En ese punto de su trayectoria recibe el Astarté de Honor de Ibicine, un festival que ha ido creciendo como cita audiovisual con respaldo de las principales instituciones de Ibiza, como Ibiza Travel, Institut d’Estudis Baleàrics, Xperience by CaixaBank, Consell d´Eivissa, Moda Adlib, o los Ayuntamientos de Evissa, Santa Eulària des Riu, Sant Antoni de Portmany. Un Festival que reivindica la isla no solo como destino, sino también como espacio cultural y cinematográfico, reforzando su proyección a través del turismo cinematográfico y de su vinculación con las rutas MovieTravel de la UNESCO. En 2026, además, contará por primera vez con Ocean Drive Talamanca como hotel sede oficial, en una edición que insiste en situar a Ibiza en el radar del sector audiovisual más allá de sus tópicos turísticos. En ese contexto Antonia San Juan recibe ese reconocimiento sin grandilocuencia. No lo interpreta como una invitación a mirar atrás, ni como un ejercicio de balance solemne. “Siempre es una alegría recibir un premio como este. Un premio siempre es para celebrar, pero no es algo que me obligue a mirar hacia atrás; simplemente, para mí, significa continuar el día a día”.

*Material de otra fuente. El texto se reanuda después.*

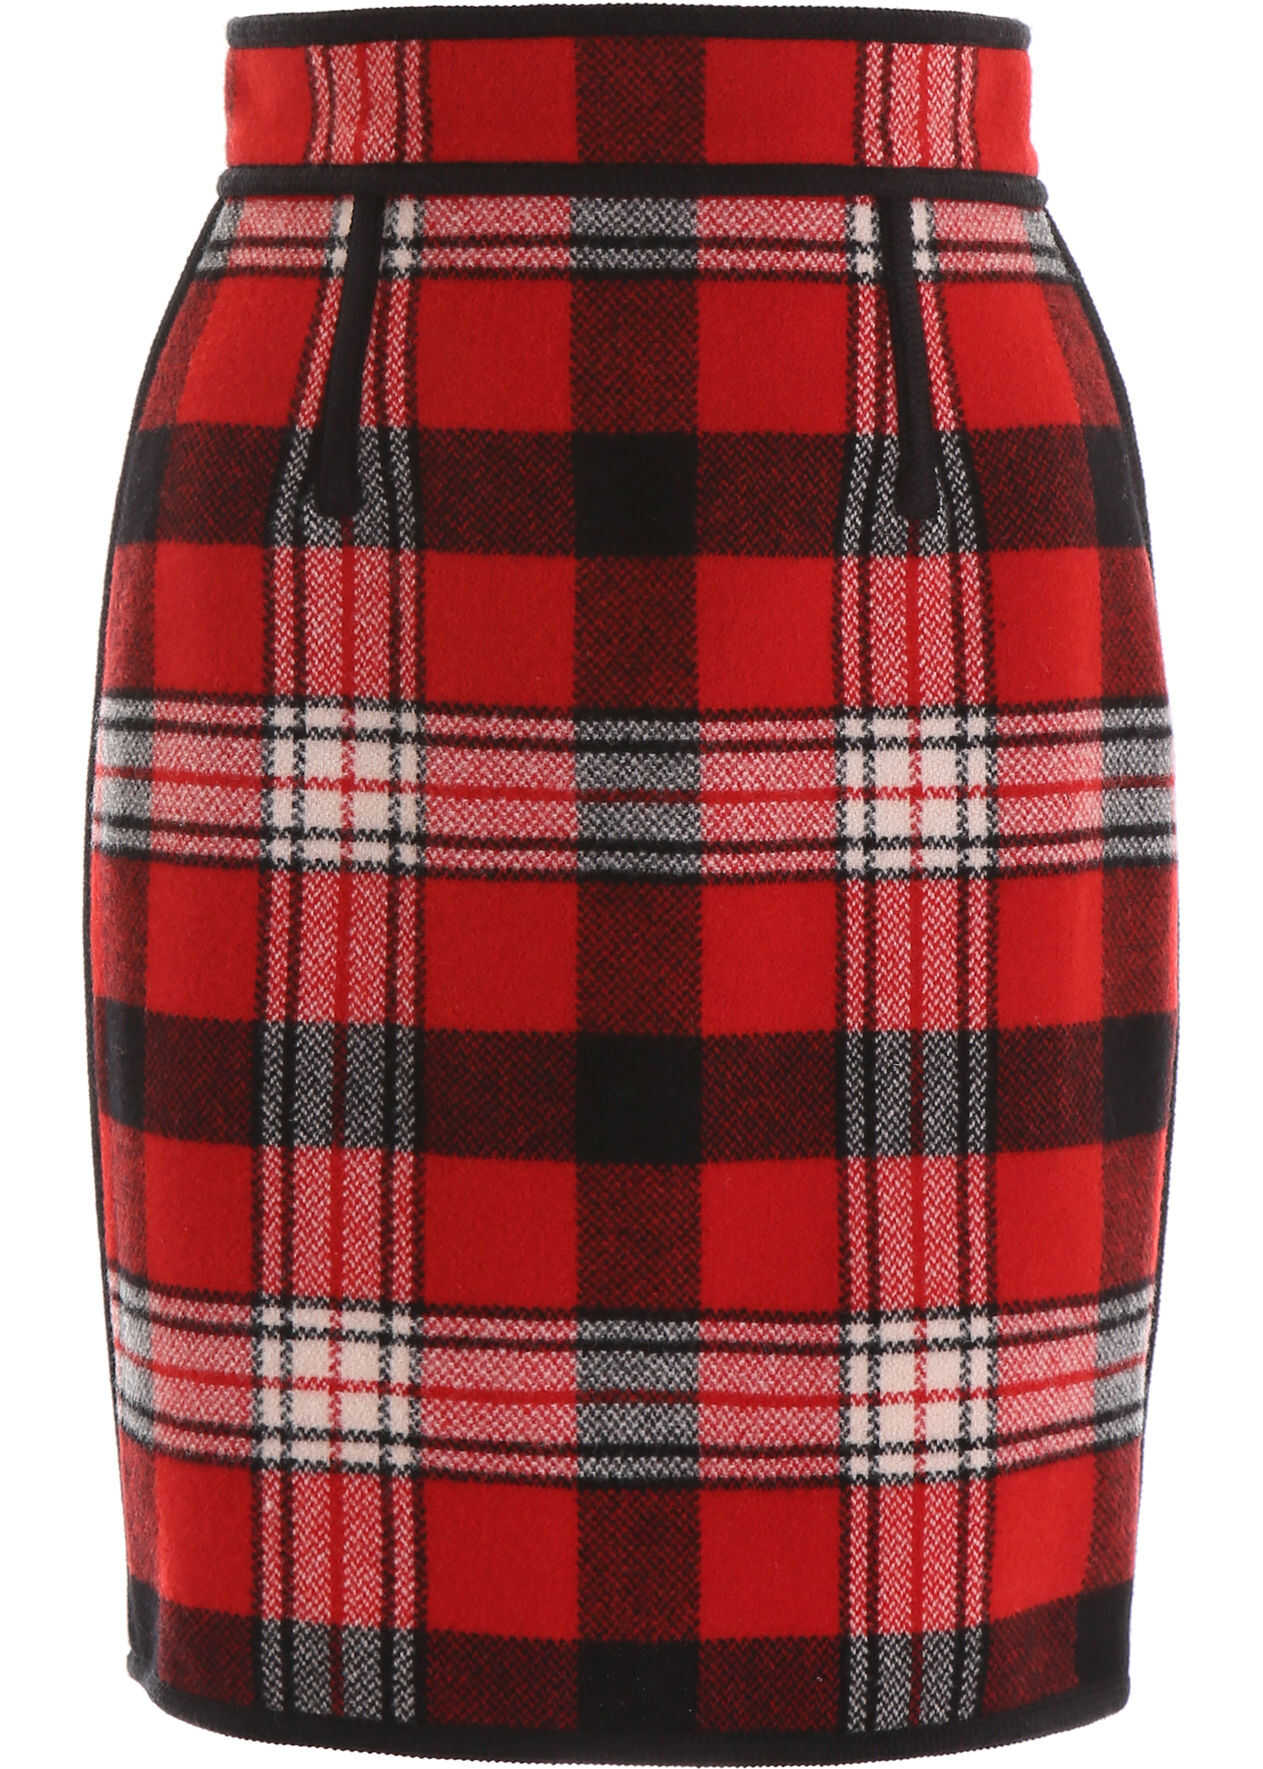 DSQUARED2 Tartan Mini Skirt RED BLACK OFF WHITE

También su reciente inclusión entre las mujeres más influyentes del archipiélago canario por parte de Forbes Women la traduce desde el mismo lugar, no como una consagración abstracta, sino como una consecuencia directa del vínculo con el público. “Gracias al público que llena los teatros, Forbes se hace eco y me premia”. Tal vez ahí resida una de las claves más limpias de su recorrido. Antonia San Juan no ha construido una carrera ejemplar en el sentido clásico, sino algo más difícil: una carrera verdaderamente propia. Sin pedagogía innecesaria, sin deseo de encajar y sin voluntad de gustar a toda costa. A una actriz joven que hoy la admirara y le pidiera una guía, no le ofrecería una receta, ni una consigna, ni una lección de vida. “Que negocie lo que le dé la gana y como le dé la gana”, responde. Porque, en el fondo, todo en ella parece volver a la misma idea: la libertad no se predica, se ejerce.